I believe it is, but I'll double check.

I assume the folks that want undisturbed userspace are ok with the
mitigation to modify their application to flush by individual cache
lines if they want to use DAX without fsync.  At least until the
platform can provide a cheaper fsync implementation.

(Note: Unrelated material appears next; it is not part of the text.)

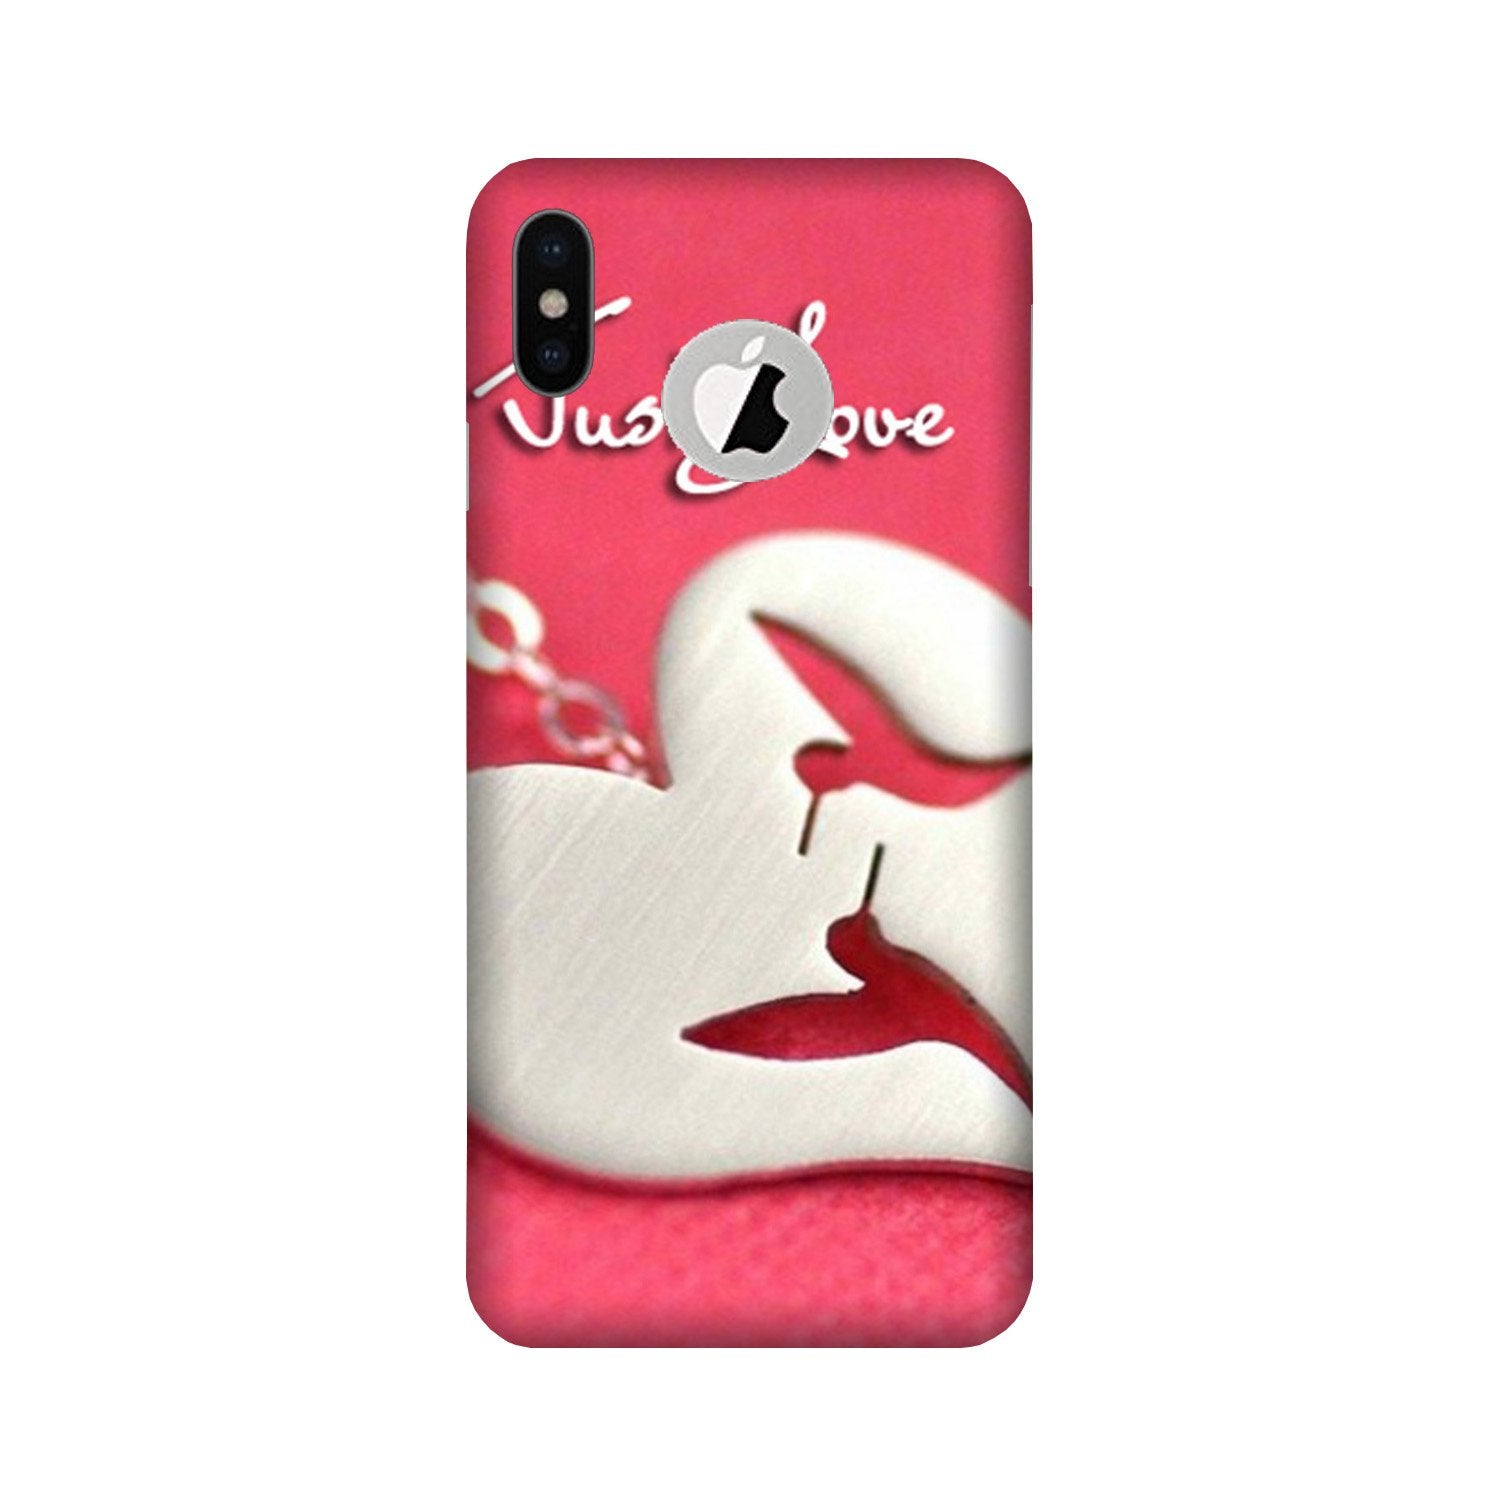 Just love Case for iPhone Xs logo cut 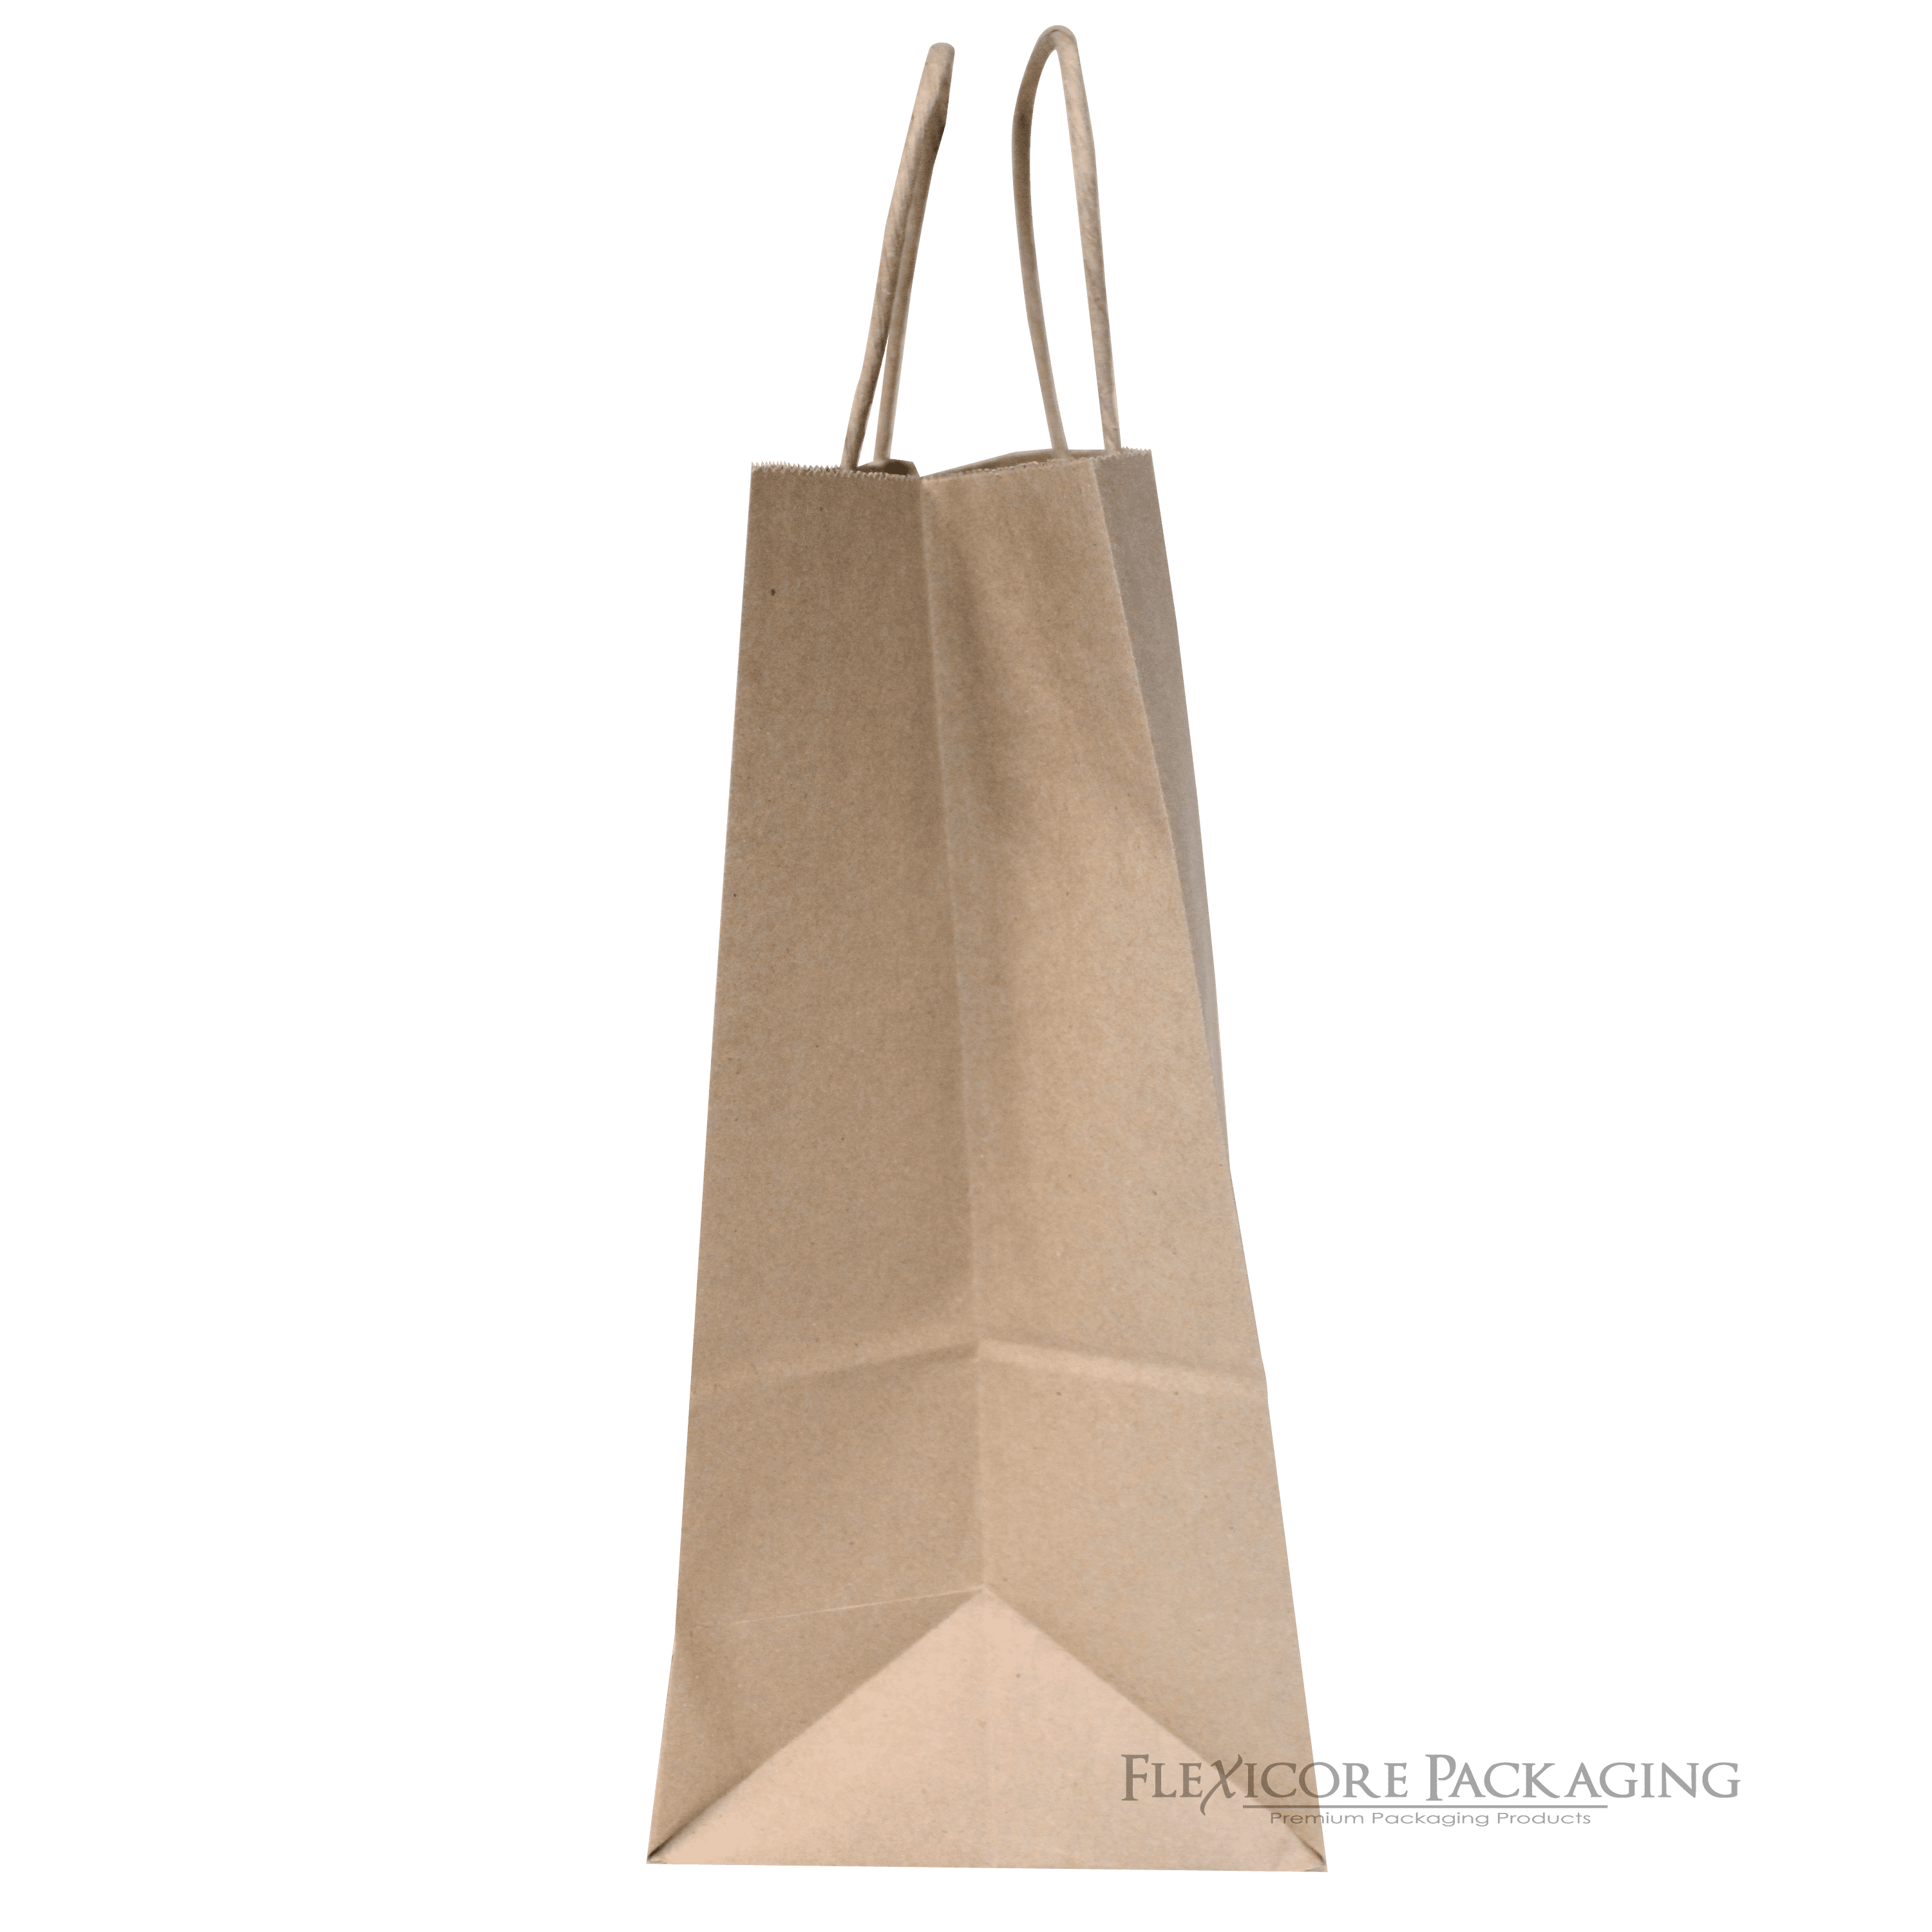 Paper Bags Bulk Containers Various Sizes CROSS Ground Floor Bags Carrier Bags Brown

The option to drive cache flushing from the radix is at least
interruptible, but it might be long running depending on how much
virtual address space is dirty.  Altogether, the options in the
current generation are:

1/ wbinvd driven: quick flush O(size of cache), but long interrupt-off latency

2/ radix driven: long flush O(size of dirty range), but at least preempt-able

3/ DAX without calling fsync: userspace takes direct responsibility
for cache management of DAX mappings

4/ DAX disabled: fsync is the standard page cache writeback latency

We could potentially argue about 1 vs 2 ad nauseum, but I wonder if
there is room to it punt it to a configuration option or make it
dynamic?  My stance is do 1 with the hope of riding options 3 and 4
until the platform happens to provide a better alternative.